Records shown.

==============================

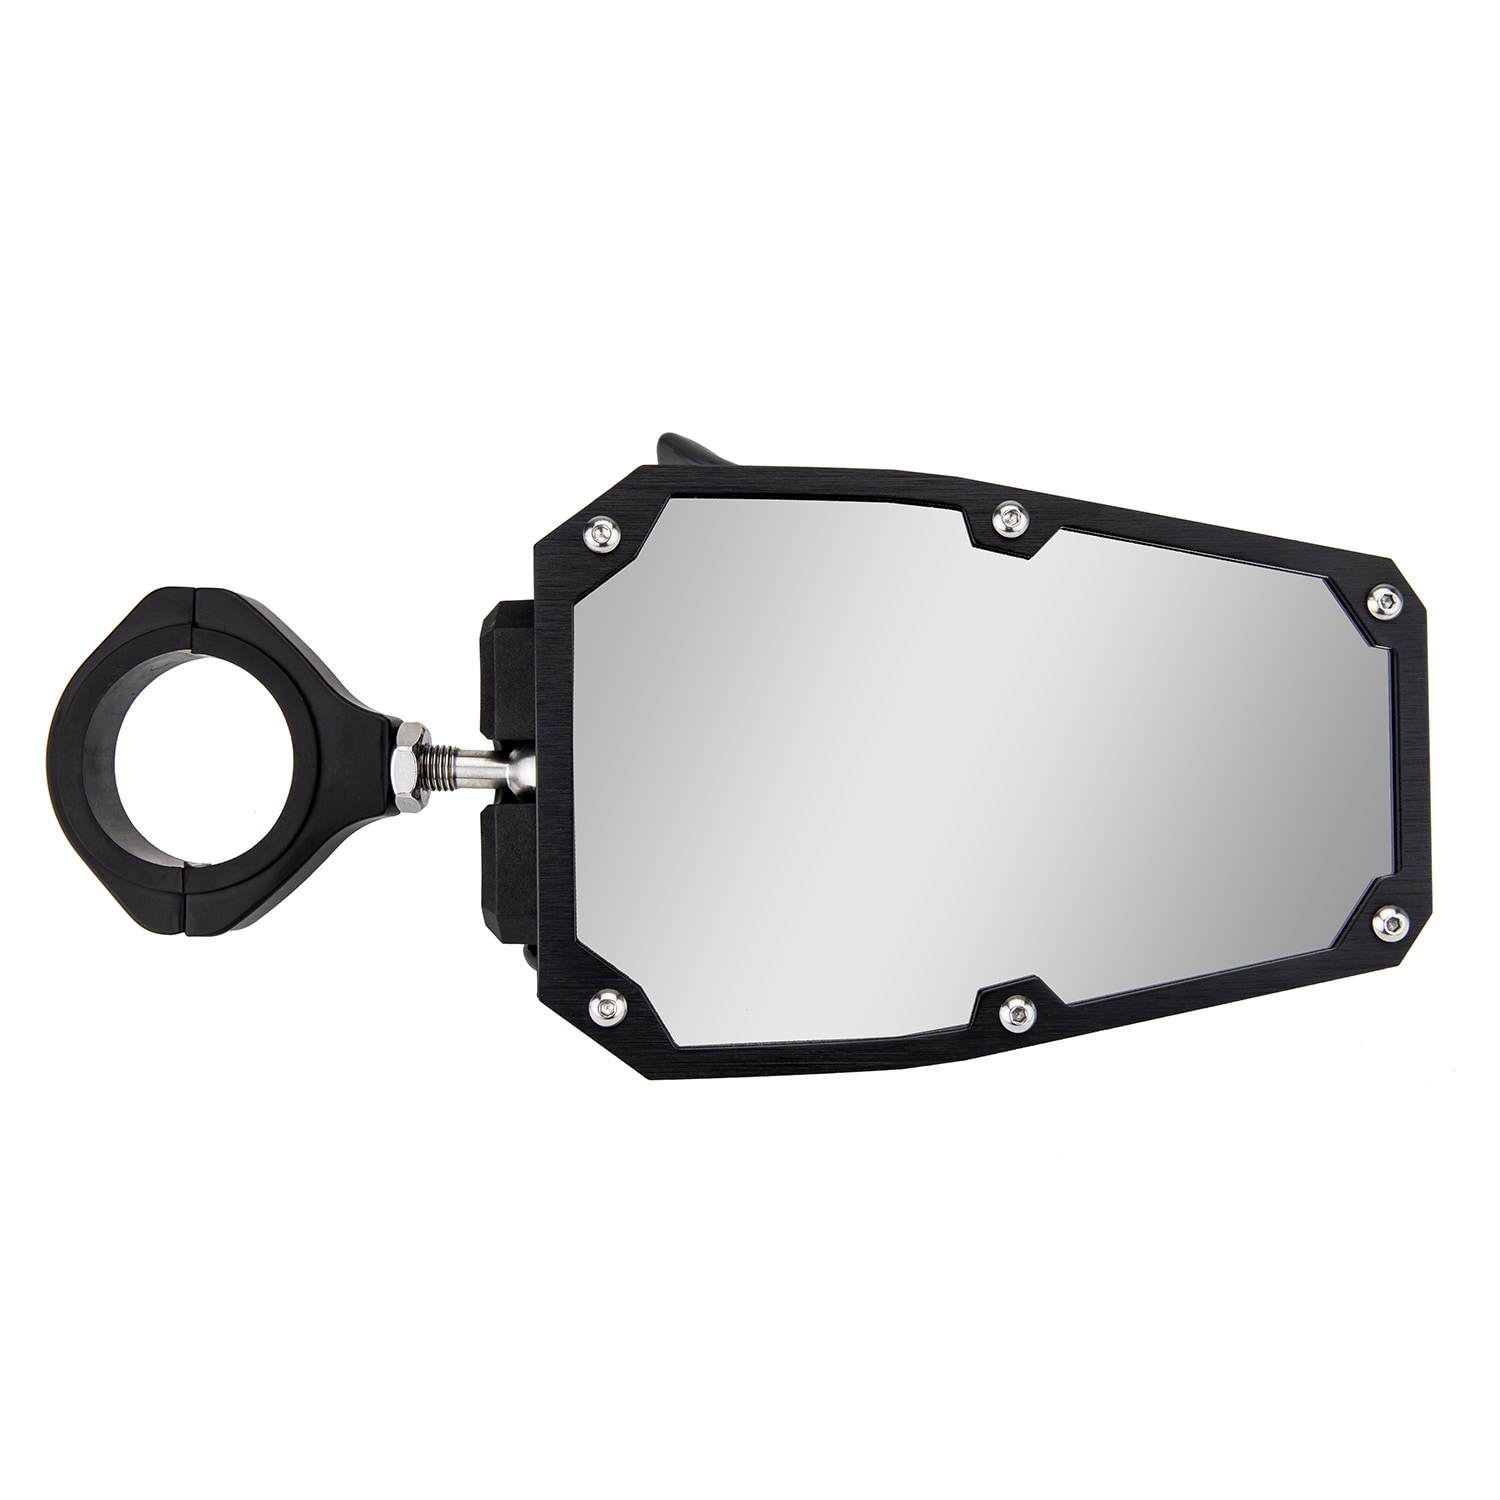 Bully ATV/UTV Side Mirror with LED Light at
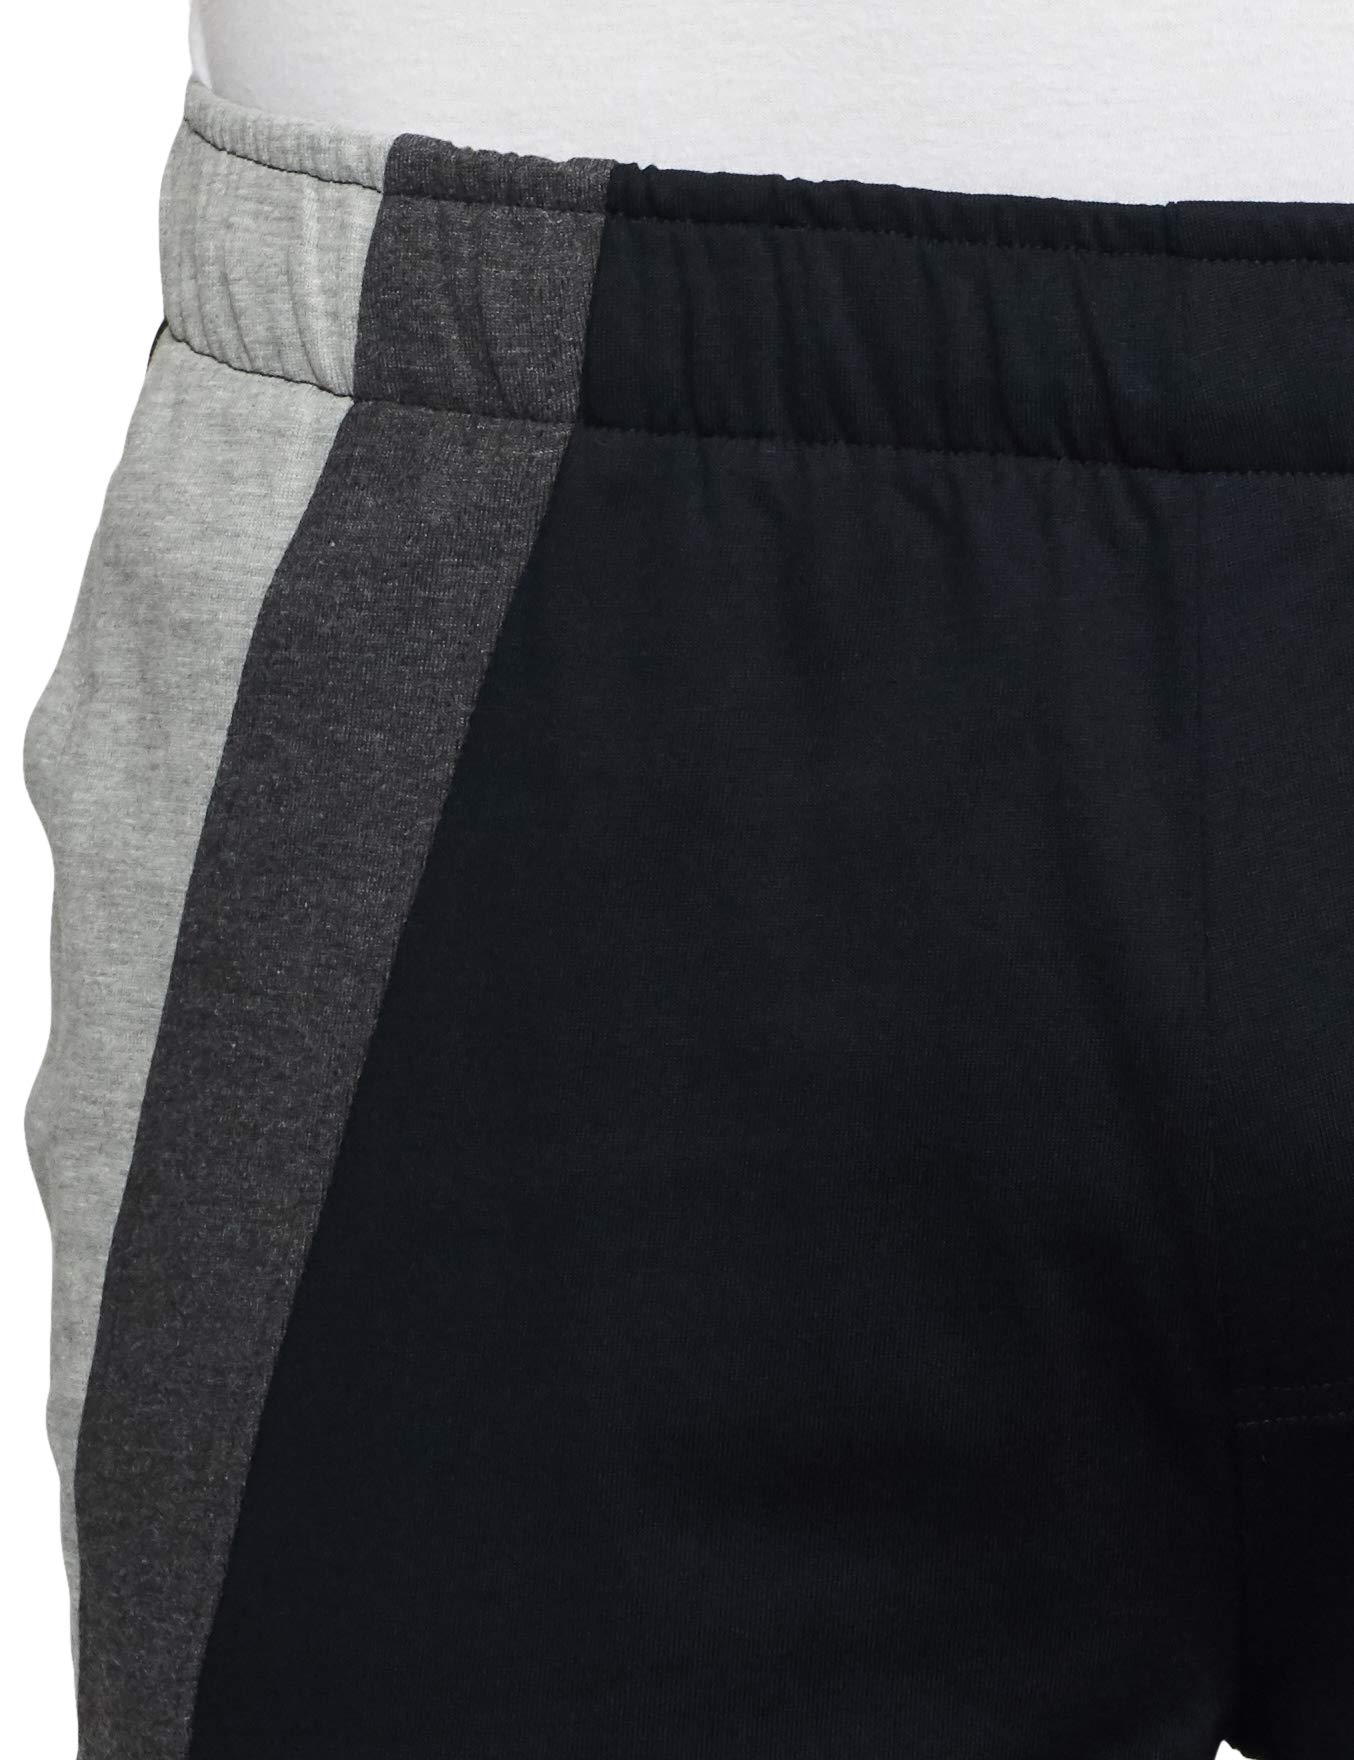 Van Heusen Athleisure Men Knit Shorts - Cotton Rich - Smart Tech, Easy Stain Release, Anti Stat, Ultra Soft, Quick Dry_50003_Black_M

==============================

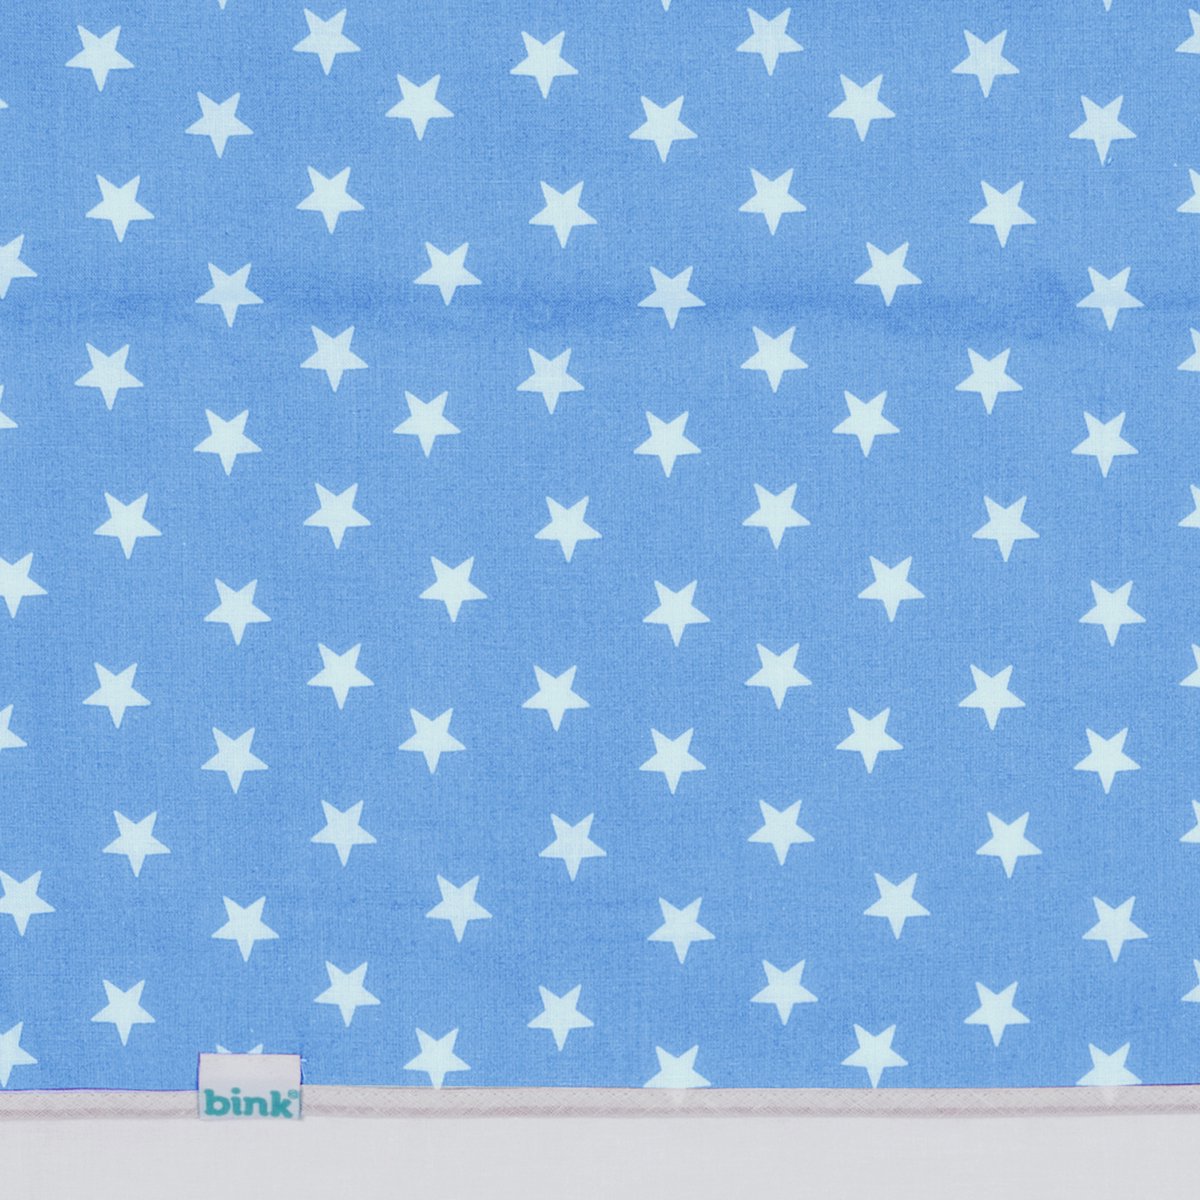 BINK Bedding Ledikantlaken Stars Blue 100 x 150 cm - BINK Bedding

==============================

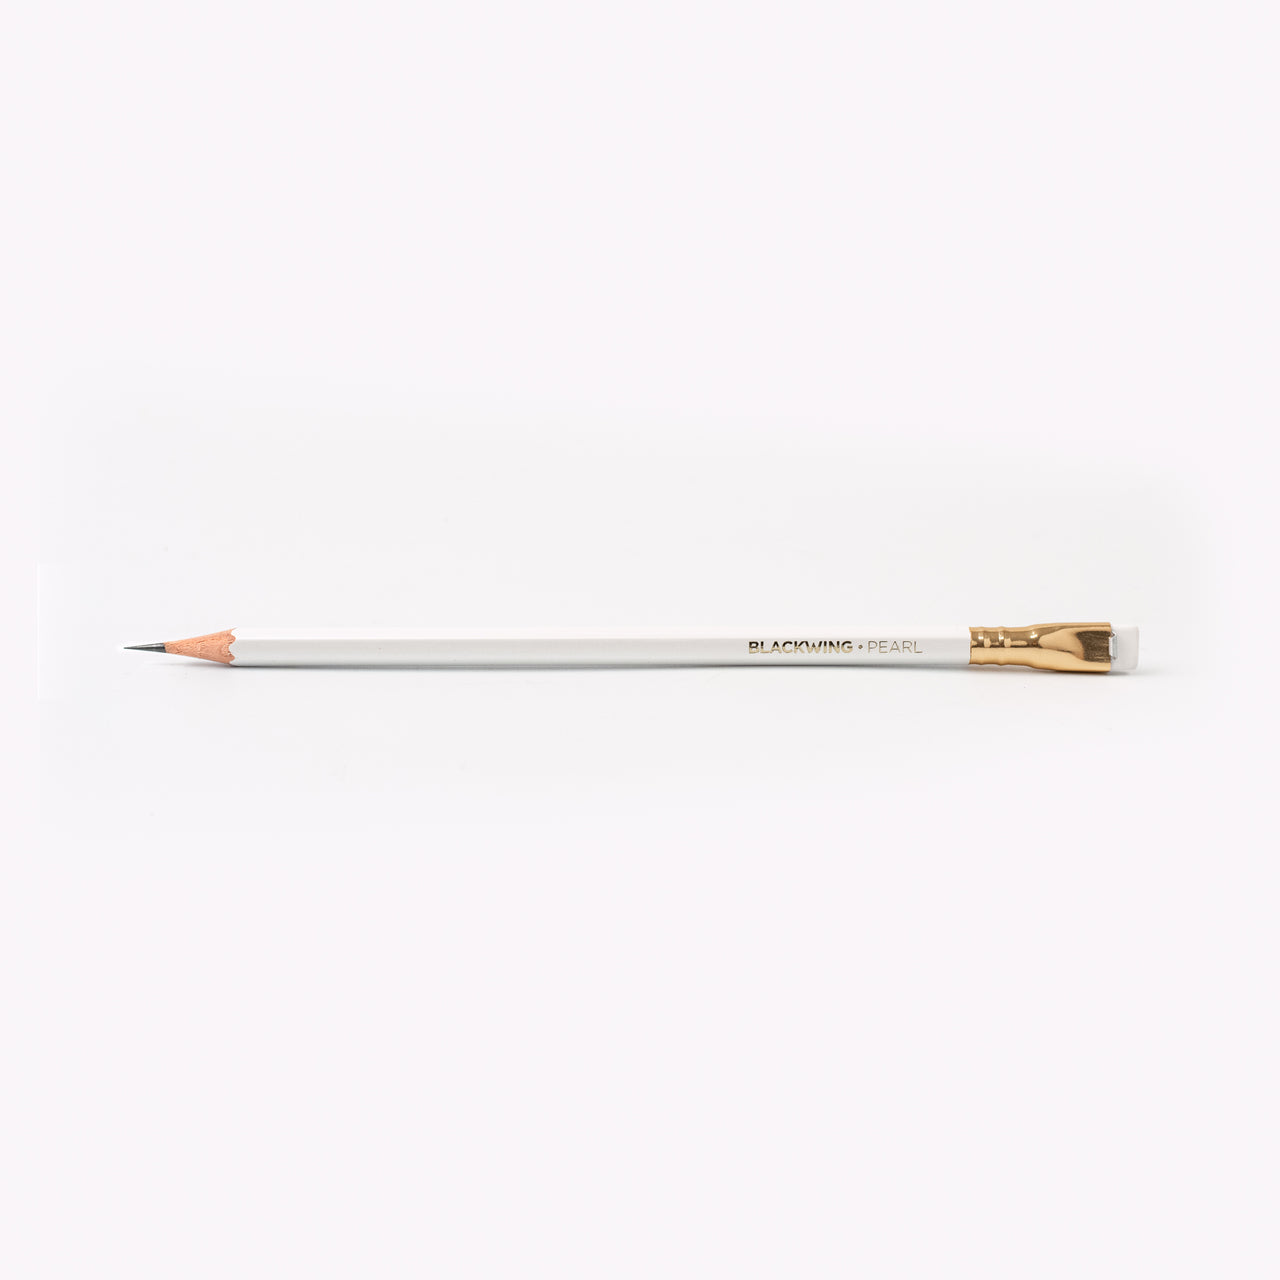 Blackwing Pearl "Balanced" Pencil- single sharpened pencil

==============================

About this exercise.
Using the listing above, repeat word for word each line from the one with "Bully ATV/UTV Side Mirror with LED Light at" down to the one with "Van Heusen Athleisure", both included. Omit all pictures.

Task solution.
 Bully ATV/UTV Side Mirror with LED Light at
 Van Heusen Athleisure Men Knit Shorts - Cotton Rich - Smart Tech, Easy Stain Release, Anti Stat, Ultra Soft, Quick Dry_50003_Black_M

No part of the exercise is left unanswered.